For each statistical test, there is a method that returns the "p-value" of the test statistic. This is the probability that the test statistic would have a value greater than or equal to the observed value if the null hypothesis is true.

• ### Method Summary

Methods
Modifier and TypeMethod and Description
`static double``bernoulliChiSquarePvalue(double chisqr)`
Returns the p-value of a Bernoulli chi-square statistic.
`static double``bernoulliChiSquareTest(long total, long measured)`
Do a Bernoulli chi-square test on the given data.
`static double``binomialKsTest(int[] data, int n)`
Do a Kolmogorov-Smirnov (K-S) test on the given data.
`static double``chiSquarePvalue(double N, double chisqr)`
Returns the p-value of a chi-square statistic.
`static double``chiSquareTest(double[] measured, double[] expected)`
Do a chi-square test on the given data.
`static double``ksPvalue(double N, double D)`
Returns the p-value of a K-S statistic.
`static double``ksTest(double[] data)`
Do a Kolmogorov-Smirnov (K-S) test on the given data.
`static double``ksTest(double[] data, Function cdf)`
Do a Kolmogorov-Smirnov (K-S) test on the given data.
`static double``normalPvalue(double x, double mean, double stddev)`
Returns the p-value of a statistic drawn from a normal distribution.
`static double``ySquarePvalue(double N, double ysqr)`
Returns the p-value of a Y-square statistic.
`static double``ySquareTest(int N, double[] measured, double[] expected)`
Do a Y-square test on the given data.
• ### Methods inherited from class java.lang.Object

`equals, getClass, hashCode, notify, notifyAll, toString, wait, wait, wait`
• ### Method Detail

• #### chiSquareTest

`public static double chiSquareTest(double[] measured,                   double[] expected)`
Do a chi-square test on the given data. The null hypothesis is that the data was drawn from the distribution given by expected. The measured and expected arrays must be the same length.
Parameters:
`measured` - Measured count in each bin.
`expected` - Expected count in each bin.
Returns:
Chi-square statistic.
• #### chiSquarePvalue

`public static double chiSquarePvalue(double N,                     double chisqr)`
Returns the p-value of a chi-square statistic.
Parameters:
`N` - Degrees of freedom.
`chisqr` - Chi-square statistic.
Returns:
P-value.
• #### bernoulliChiSquareTest

`public static double bernoulliChiSquareTest(long total,                            long measured)`
Do a Bernoulli chi-square test on the given data. The null hypothesis is that the data was drawn from a Bernoulli distribution with both outcomes equally likely (e.g., a fair coin). total is the total number of trials. measured is the number of trials yielding one of the outcomes. (total − measured) is the number of trials yielding the other outcome.
Parameters:
`total` - Total number of trials.
`measured` - Number of trials yielding one of the outcomes.
Returns:
Chi-square statistic.
• #### bernoulliChiSquarePvalue

`public static double bernoulliChiSquarePvalue(double chisqr)`
Returns the p-value of a Bernoulli chi-square statistic.
Parameters:
`chisqr` - Chi-square statistic.
Returns:
P-value.
• #### ySquareTest

`public static double ySquareTest(int N,                 double[] measured,                 double[] expected)`
Do a Y-square test on the given data. The null hypothesis is that the data was drawn from the distribution given by expected. The measured and expected arrays must be the same length.

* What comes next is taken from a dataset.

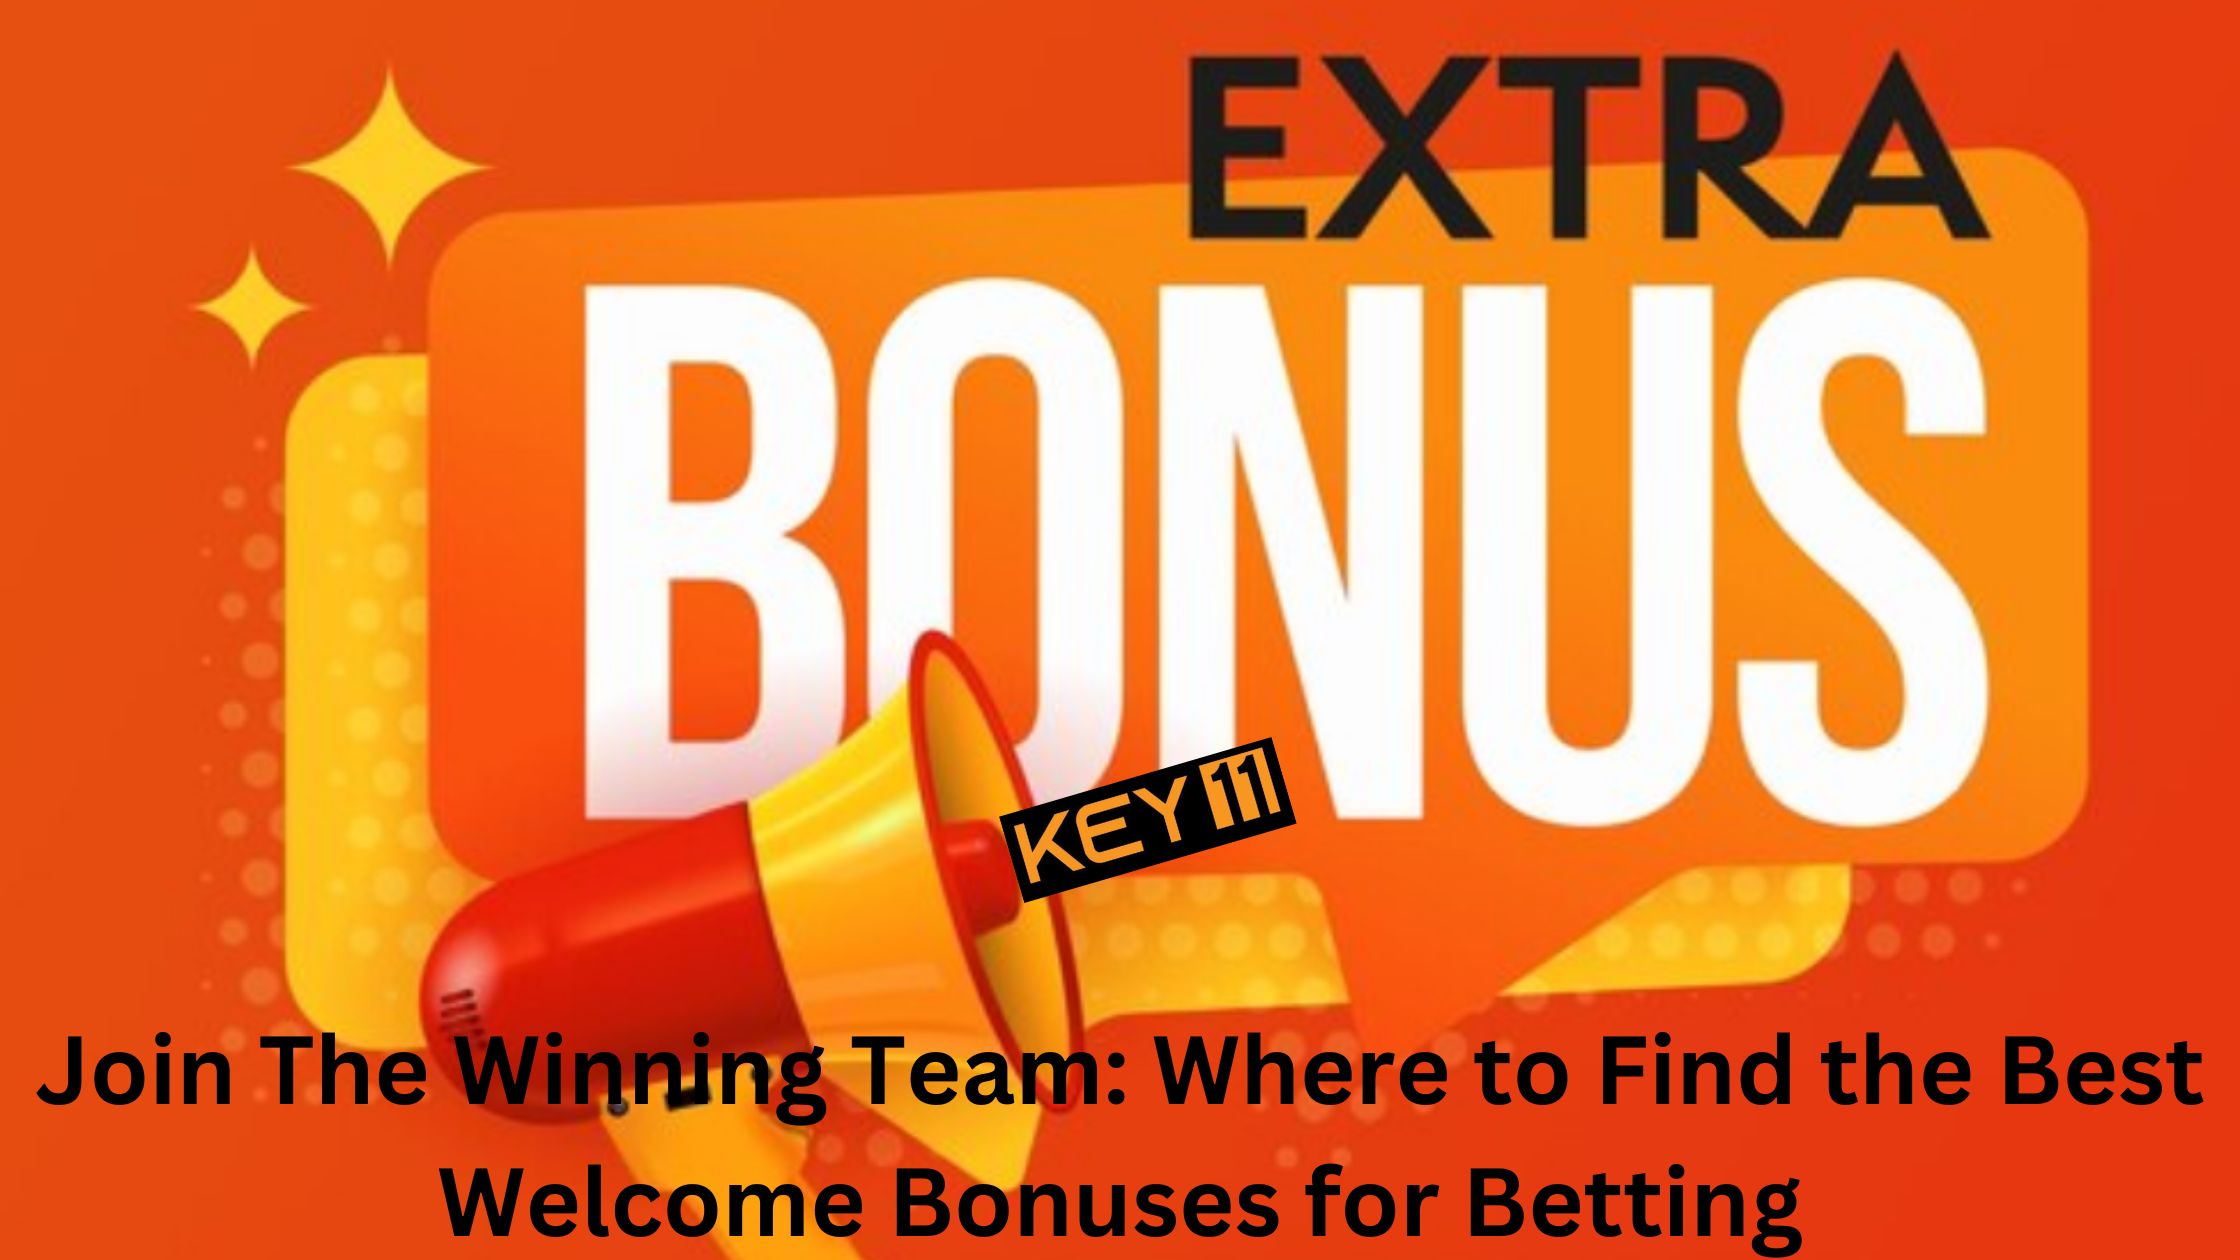 Where to Find the Best Welcome Bonuses for Betting- Key11.io
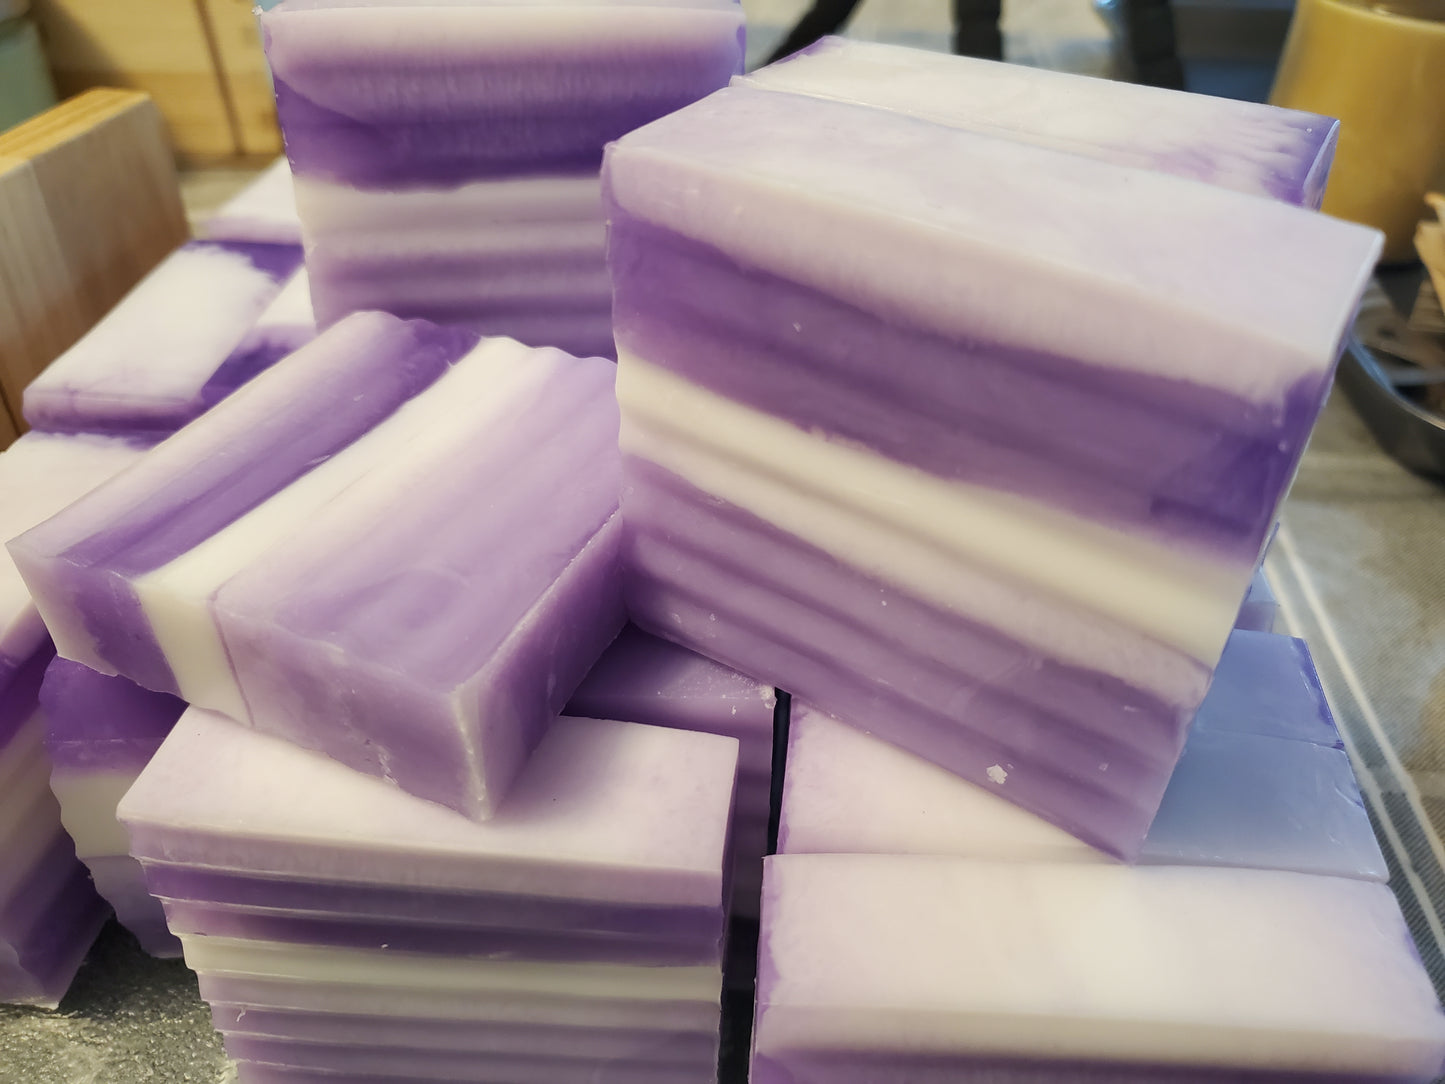 Lavender and Bergamot Shea Butter and Glycerin Soap

The Y-square test is similar to the chi-square test, except the Y-square statistic is valid even if the expected counts in some of the bins are small, which is not true of the chi-square statistic. For further information, see:

L. Lucy. Hypothesis testing for meagre data sets. Monthly Notices of the Royal Astronomical Society, 318(1):92-100, October 2000.

Parameters:
`N` - Degrees of freedom.
`measured` - Measured count in each bin.
`expected` - Expected count in each bin.
Returns:
Y-square statistic.
• #### ySquarePvalue

`public static double ySquarePvalue(double N,                   double ysqr)`
Returns the p-value of a Y-square statistic.
Parameters:
`N` - Degrees of freedom.
`ysqr` - Y-square statistic.
Returns:
P-value.
• #### ksTest

`public static double ksTest(double[] data)`
Do a Kolmogorov-Smirnov (K-S) test on the given data. The null hypothesis is that the data was drawn from a uniform distribution between 0.0 and 1.0.

The values in the data array must all be in the range 0.0 through 1.0 and must be in ascending numerical order. The ksTest() method does not sort the data itself because the process that produced the data might already have sorted the data. If necessary, call Arrays.sort(data) before calling ksTest(data).

Parameters:
`data` - Data array.
Returns:
K-S statistic.
• #### ksTest

`public static double ksTest(double[] data,            Function cdf)`
Do a Kolmogorov-Smirnov (K-S) test on the given data. The null hypothesis is that the data was drawn from the distribution specified by the given Function. cdf.f(x) must return the value of the cumulative distribution function at x, in the range 0.0 through 1.0.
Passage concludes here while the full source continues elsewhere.